ENTRIES SHOWN:
"""

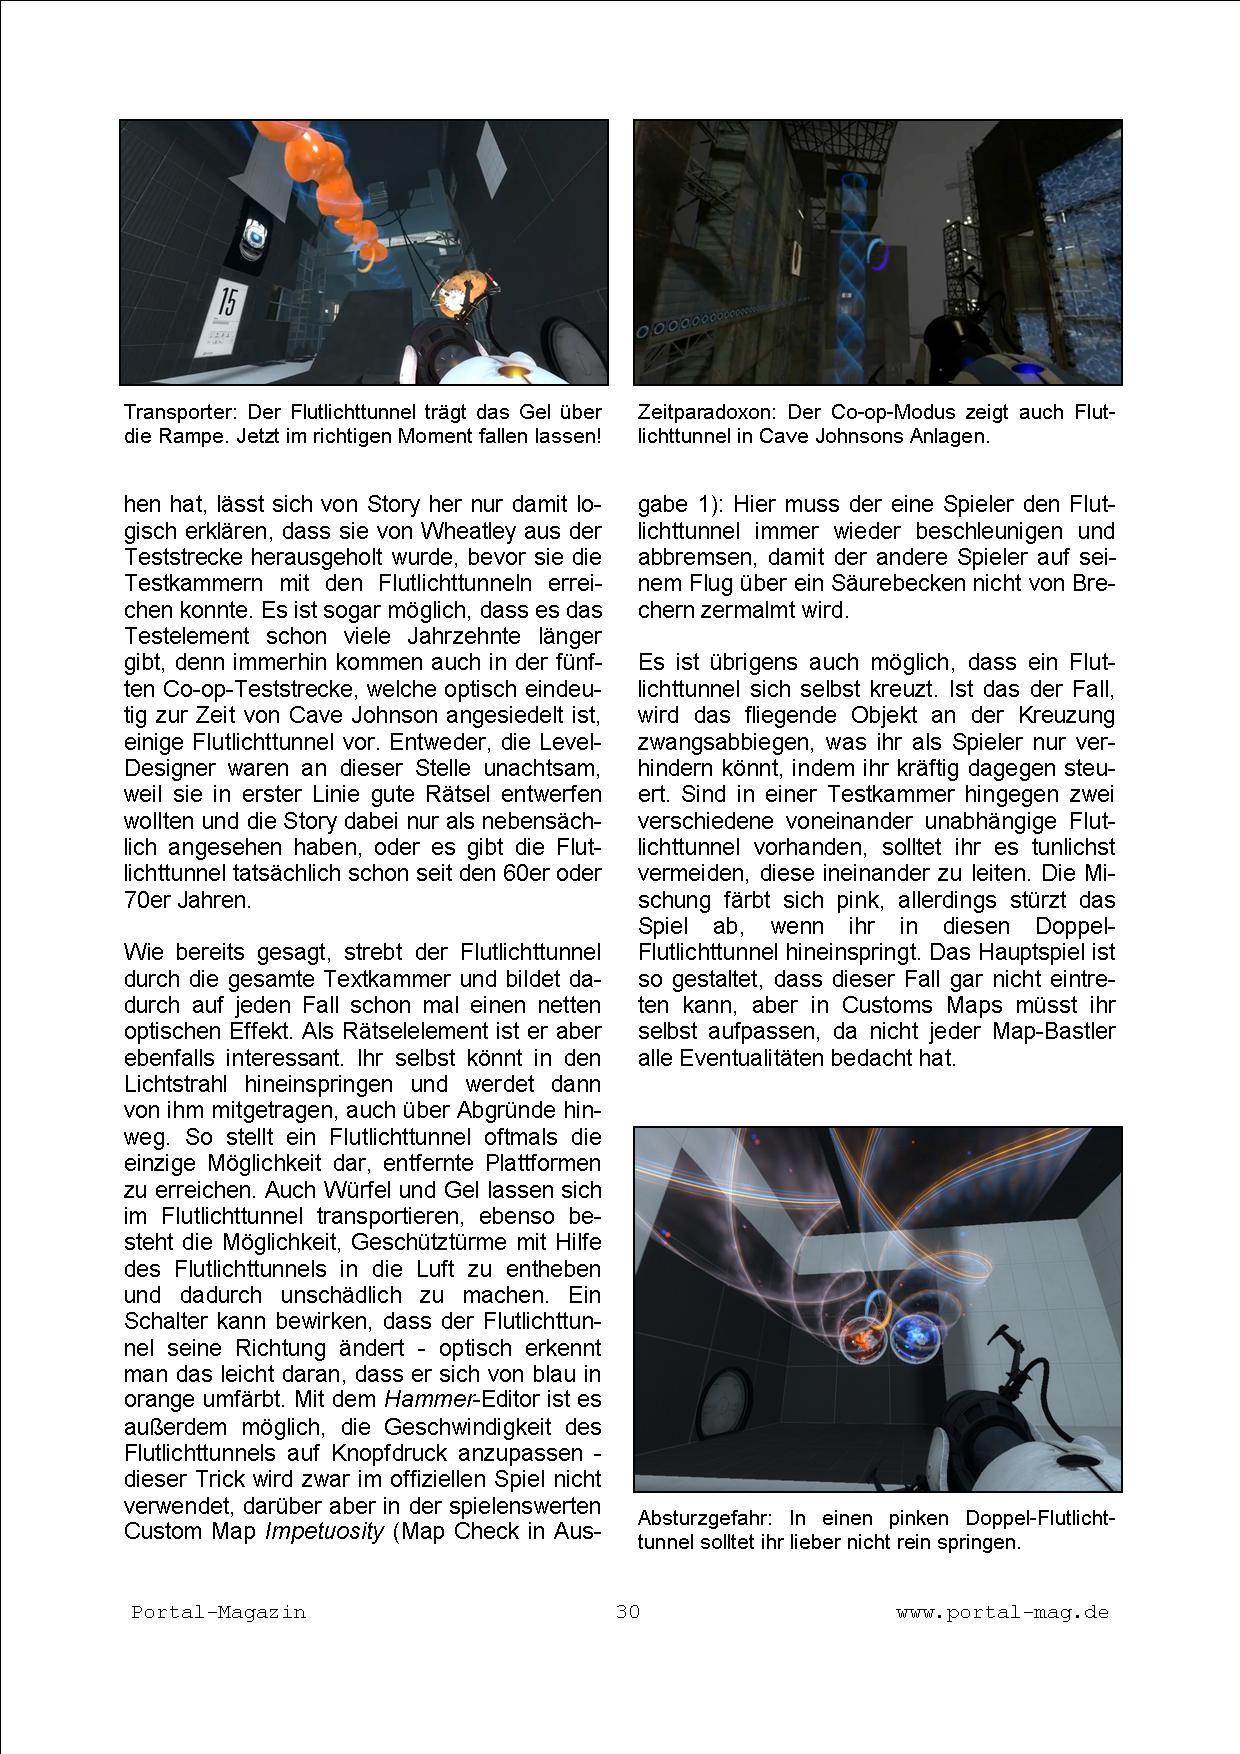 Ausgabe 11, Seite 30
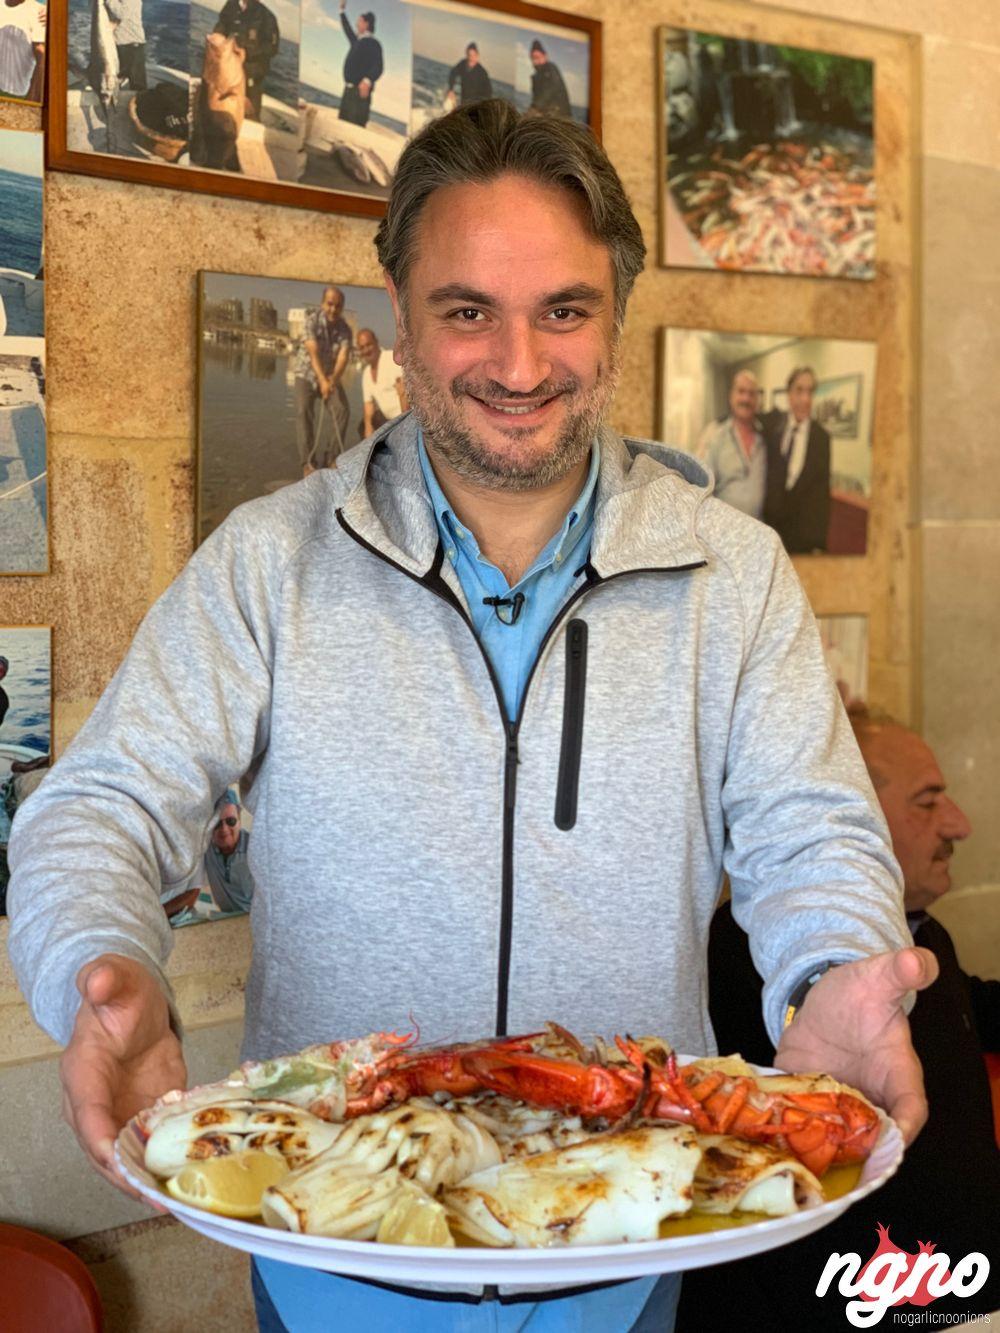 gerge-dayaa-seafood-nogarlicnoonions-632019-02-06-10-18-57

"""
"""

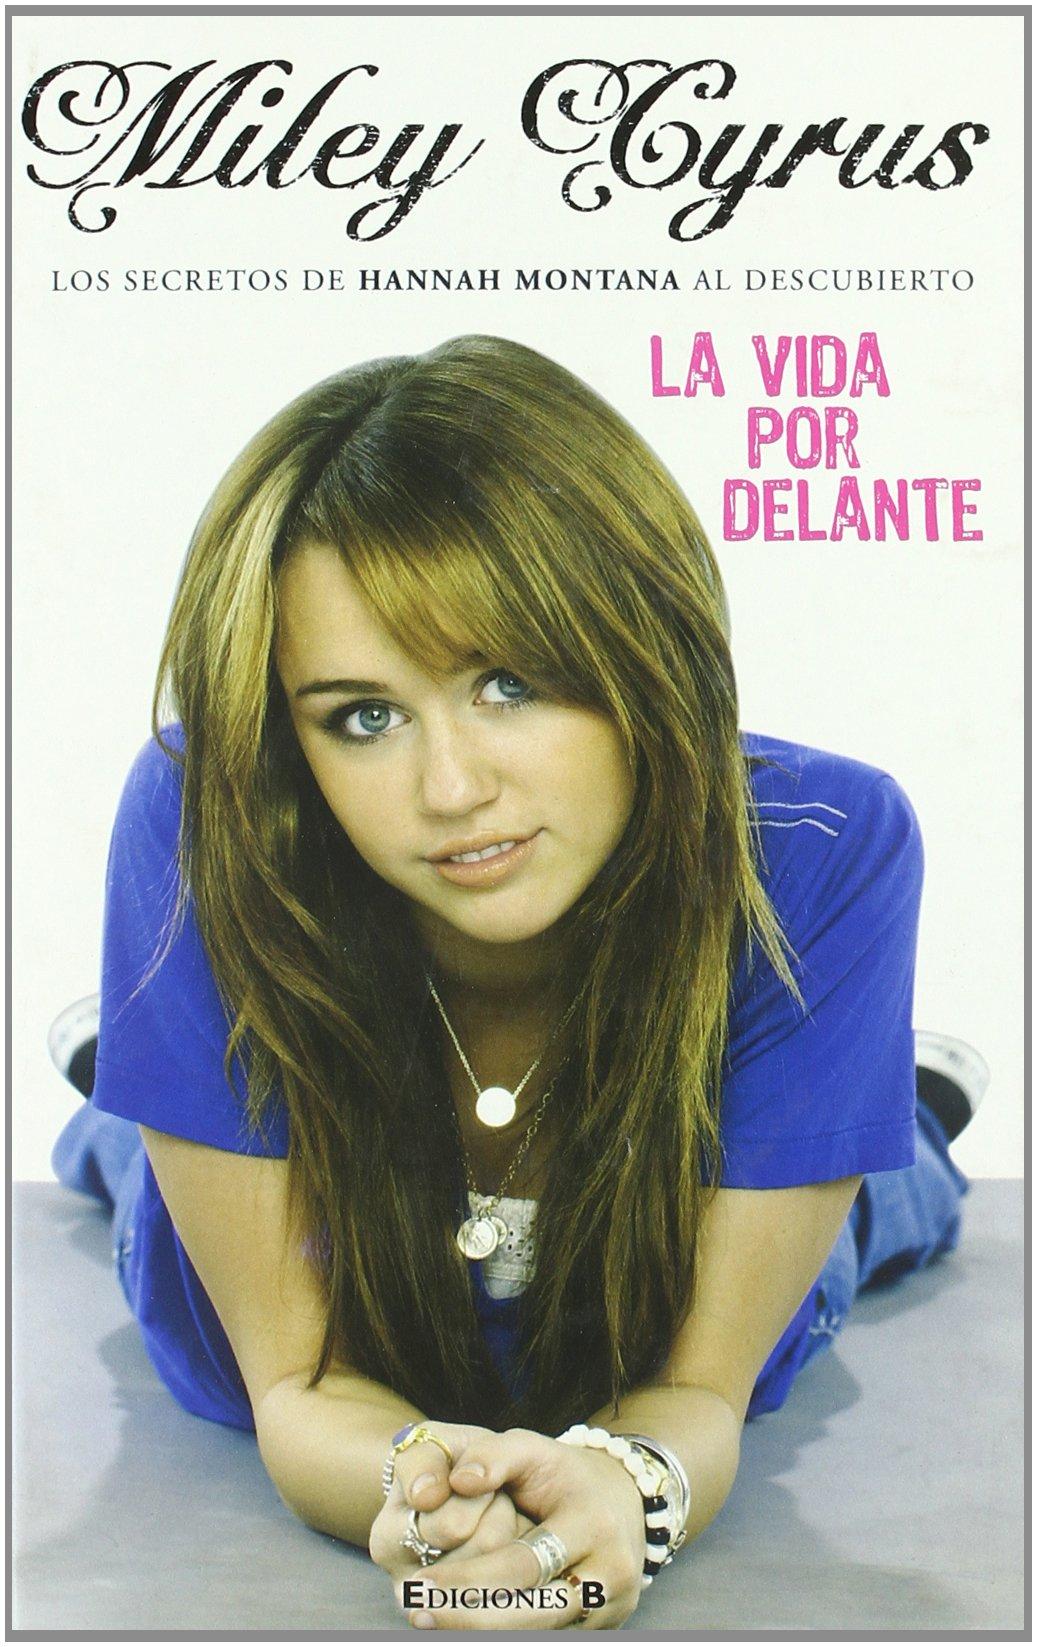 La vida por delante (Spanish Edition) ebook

"""

TASK GOAL:
Beginning with the line above that contains "Ausgabe 11, Seite 30" and finishing with the line that contains "gerge-dayaa-seafood-nogarlicnoonions-632019-02-06-10-18-57", print those lines exactly and only. Skip all pictures.

ANSWER TO THIS EXERCISE:
 Ausgabe 11, Seite 30
 gerge-dayaa-seafood-nogarlicnoonions-632019-02-06-10-18-57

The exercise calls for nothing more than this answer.